This wire-hamon is quite similar to the wire-hamon done by us.. The technique is quite common in Long Quan. Pretty much every forge apply the same method.

The hamon can be removed with a fresh polish, yes.  :Smilie:  Whether or not there is an actual underlying hamon remains to see though.

Best regards, Kenneth A.H.

----------


## Christian J.

> This wire-hamon is quite similar to the wire-hamon done by us.. The technique is quite common in Long Quan. Pretty much every forge apply the same method.
> 
> The hamon can be removed with a fresh polish, yes.  Whether or not there is an actual underlying hamon remains to see though.
> 
> Best regards, Kenneth A.H.



Now i'm curious, the sword was sold to me as "differentially tempered with real hamon". But i'm not willing to ruin a perfectly good wire brush hamon, how can i test it?

----------


## Andrew W. Priestley

"perfectly good wire brush hamon" is a contradiction in terms.

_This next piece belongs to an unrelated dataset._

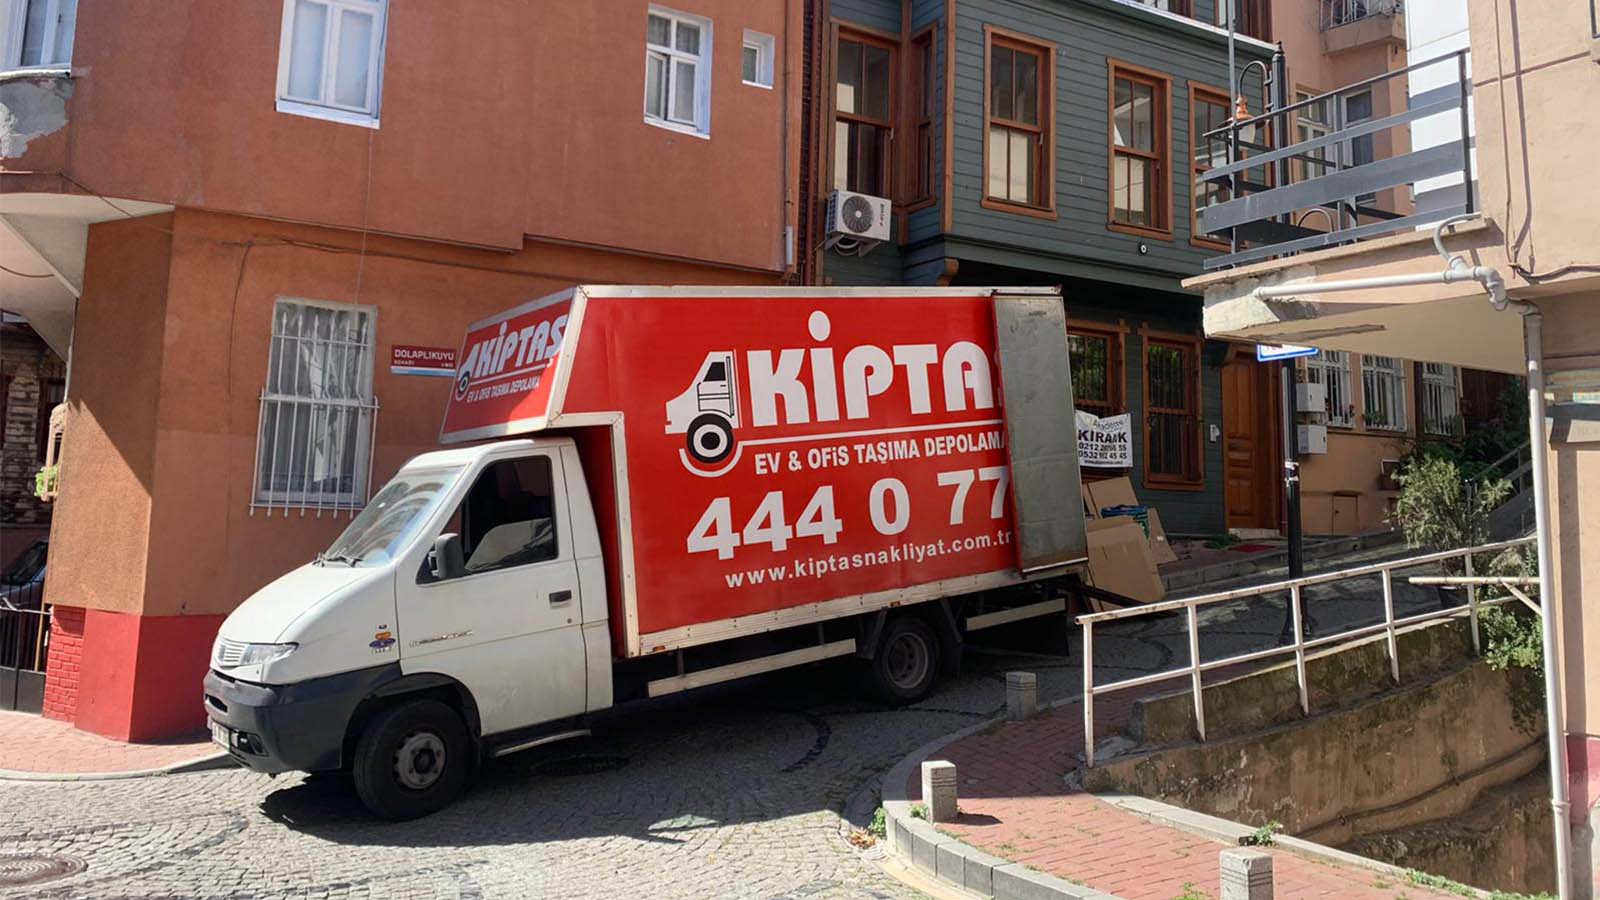 Beşiktaş Ofis Taşıma Şirketi

The wire brush area is NOT a hamon by any realistic standard.  It is purely cosmetic, and ugly if you can see the wire brush marks at all. 

It is also misleading.

If there is a real hamon under that wire brushed mess, then it is being completely hidden., and you should clear away the camouflage. 

I'd be surprised if there were a real hamon under there.

Testing it wpould be hard without polishing a window through the wire brushing, or using hardness files to see if the edge is harder than the spine, again marring the finish.  Hardness testing files ain't cheap either. 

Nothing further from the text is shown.